0:00:02.106876928 3243 0xaaaad751f600 WARN nvinfer gstnvinfer.cpp:677:gst_nvinfer_logger:<primary_gie> NvDsInferContext[UID 1]: Warning from NvDsInferContextImpl::initialize() <nvdsinfer_context_impl.cpp:1170> [UID = 1]: Warning, OpenCV has been deprecated. Using NMS for clustering instead of cv::groupRectangles with topK = 20 and NMS Threshold = 0.5
0:00:02.109492864 3243 0xaaaad751f600 INFO nvinfer gstnvinfer.cpp:680:gst_nvinfer_logger:<primary_gie> NvDsInferContext[UID 1]: Info from NvDsInferContextImpl::buildModel() <nvdsinfer_context_impl.cpp:1923> [UID = 1]: Trying to create engine from model files
ERROR: [TRT]: 3: [builder.cpp::~Builder::307] Error Code 3: API Usage Error (Parameter check failed at: optimizer/api/builder.cpp::~Builder::307, condition: mObjectCounter.use_count() == 1. Destroying a builder object before destroying objects it created leads to undefined behavior.
)
WARNING: [TRT]: The implicit batch dimension mode has been deprecated. Please create the network with NetworkDefinitionCreationFlag::kEXPLICIT_BATCH flag whenever possible.
WARNING: DLA does not support FP32 precision type, using FP16 mode.
WARNING: [TRT]: Layer ‘output_bbox/bias’ (CONSTANT): Unsupported on DLA. Switching this layer’s device type to GPU.
WARNING: [TRT]: Layer ‘conv1/kernel’ (CONSTANT): Unsupported on DLA. Switching this layer’s device type to GPU.
WARNING: [TRT]: Layer ‘conv1/bias’ (CONSTANT): Unsupported on DLA. Switching this layer’s device type to GPU.
WARNING: [TRT]: Layer ‘bn_conv1/moving_variance’ (CONSTANT): Unsupported on DLA. Switching this layer’s device type to GPU.
WARNING: [TRT]: Layer ‘bn_conv1/Reshape_1/shape’ (CONSTANT): Unsupported on DLA. Switching this layer’s device type to GPU.
WARNING: [TRT]: Layer ‘bn_conv1/batchnorm/add/y’ (CONSTANT): Unsupported on DLA. Switching this layer’s device type to GPU.
WARNING: [TRT]: Layer ‘bn_conv1/gamma’ (CONSTANT): Unsupported on DLA. Switching this layer’s device type to GPU.

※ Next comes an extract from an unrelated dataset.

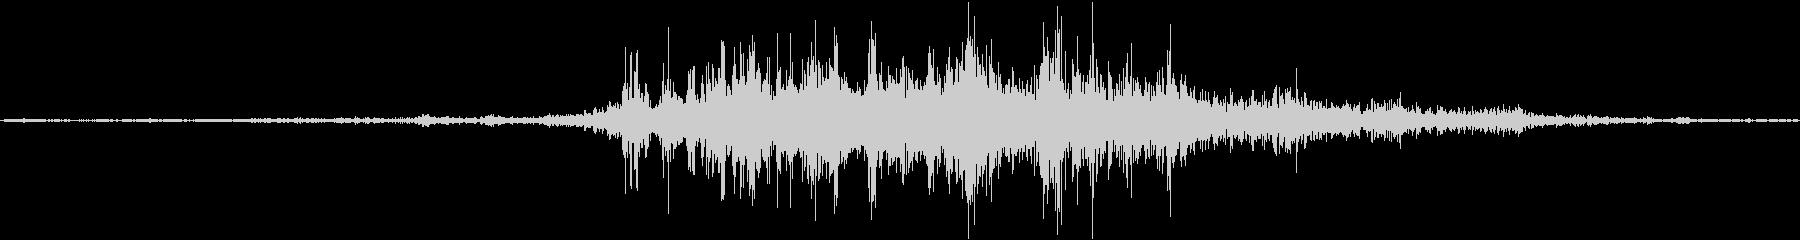 バイノーラル録音戦闘機1の未再生の波形

I am intending to run an Object Detection pipeline using the DLAs onboard. Request input with how to fix this or which Tao based object detection model will work with DLAs.

Thank you in advance

  1. could you share the nvinfer’s configuration file? did you set enable-dla and use-dla-core? please refer to nvinfer for more explaination.
  2. noticing it is warning log, how do you know every layer get error?

Hi. Thank you for your reply.

  1. nvinfer config file attached. config_infer_primary (copy).txt (967 Bytes)

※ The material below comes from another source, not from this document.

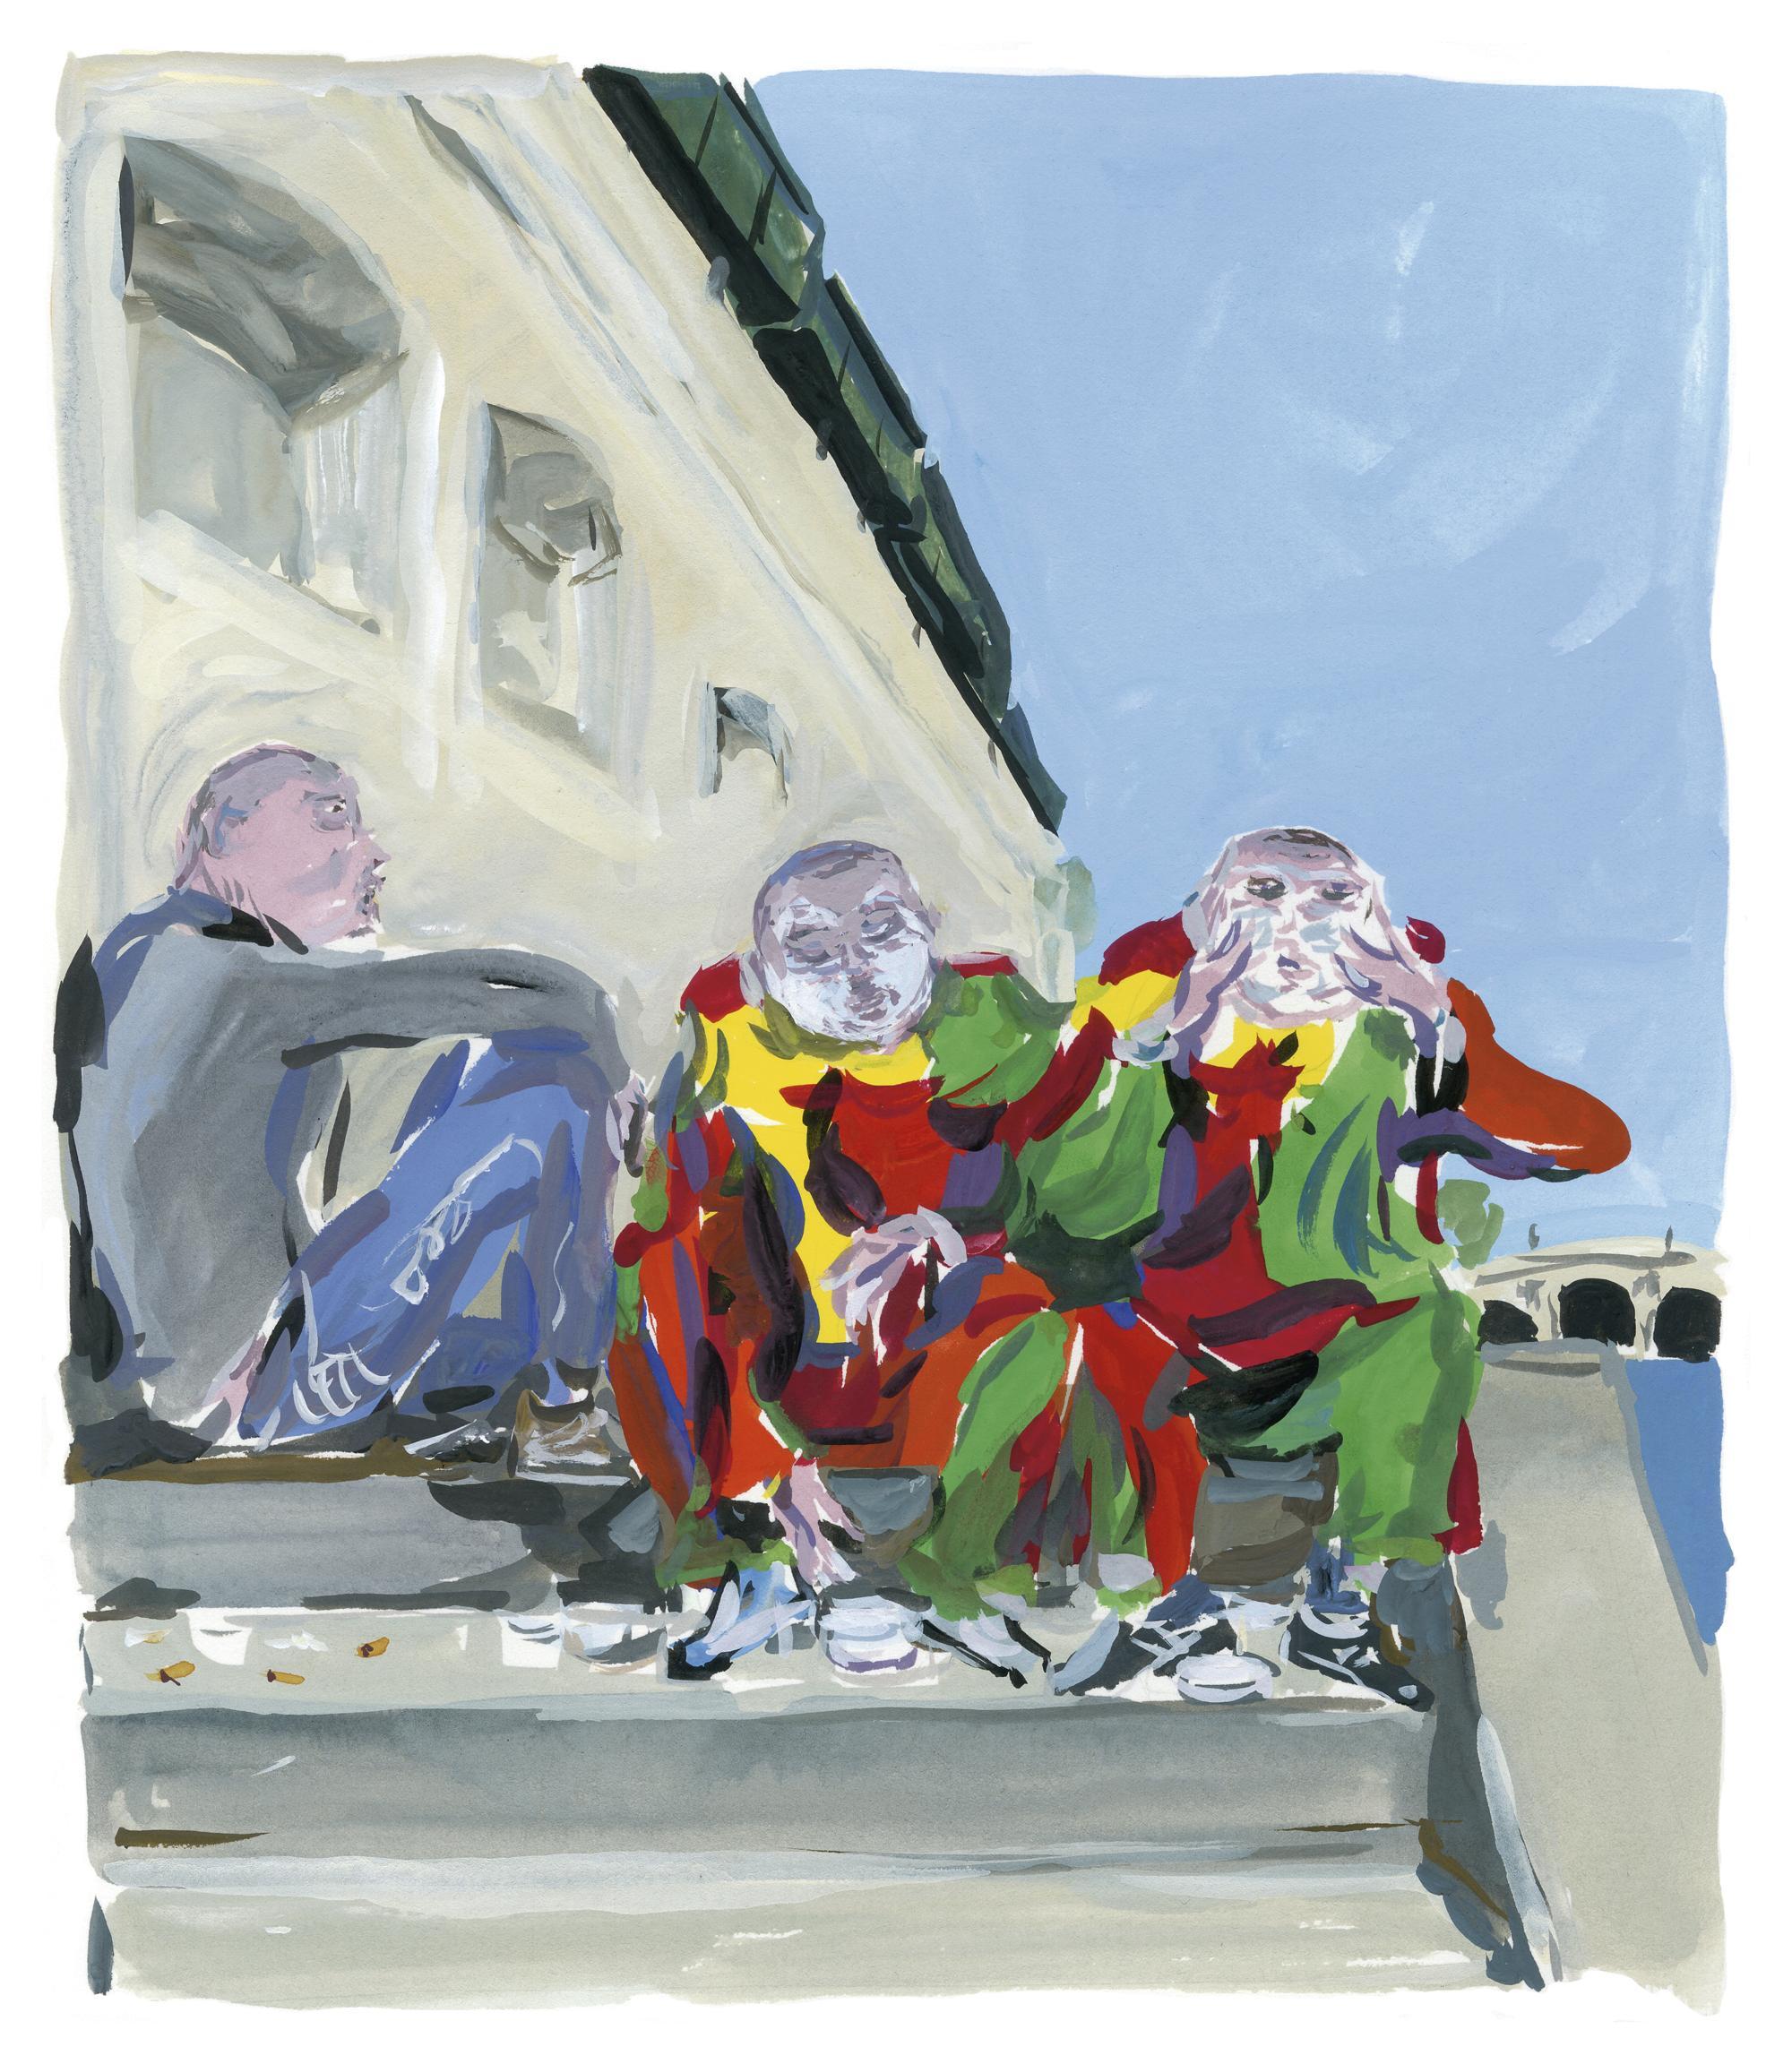 Pariser Tagebuch: Clowns

did you set enable-dla and use-dla-core? → I used enable-dla

  1. Error on my part to call it an error! :)
    However, I want to push this workload onto the DLA, so as to free up GPU load for other functionality. Here the DLA is failing and its falling back onto the GPU.

Look forward to your response.

from the logs, DLA does not support FP32 precision type. are that “output_bbox/bias” layer FP32 precision type? are all layer FP32 precision type?

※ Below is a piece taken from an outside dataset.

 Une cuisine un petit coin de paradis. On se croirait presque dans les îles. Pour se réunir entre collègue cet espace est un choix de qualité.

In the config file I specified it for FP16.

0=FP32, 1=INT8, 2=FP16 mode

network-mode=2

Is this something I would need to do before exporting the etlt from Tao?

Please refer to Transfer Learning Toolkit DLA warning messages - #7 by Morganh
Actually you can ignore the warning info which mentions that the layer does not support DLA.
The layer have been fused into another layer which DLA supports.

Hi Morgan,

I set the following relevant settings in the config file:

enable-dla=1
use-dla-core=0
infer-dims=3;384;1248 (do I need to reduce this size? )

DLA core seems to have been activated when I used JTOP to visualize what is happening, however, there is still significant GPU usage.

I’ve attached the output log here:
log.txt (64.0 KB)

The model I am trying to run is a custom trained detecnet (resenet34 backbone). I have done NO pruning, int8 calib or QAT on this model. Do I need to do any of those?

There is no update from you for a period, assuming this is not an issue any more. Hence we are closing this topic. If need further support, please open a new one. Thanks.

You can run official deepstream_tao_app(GitHub - NVIDIA-AI-IOT/deepstream_tao_apps: Sample apps to demonstrate how to deploy models trained with TAO on DeepStream) along with the peoplenet etlt model
PeopleNet | NVIDIA NGC
Set infer-dims=3;544;960

This topic was automatically closed 14 days after the last reply. New replies are no longer allowed.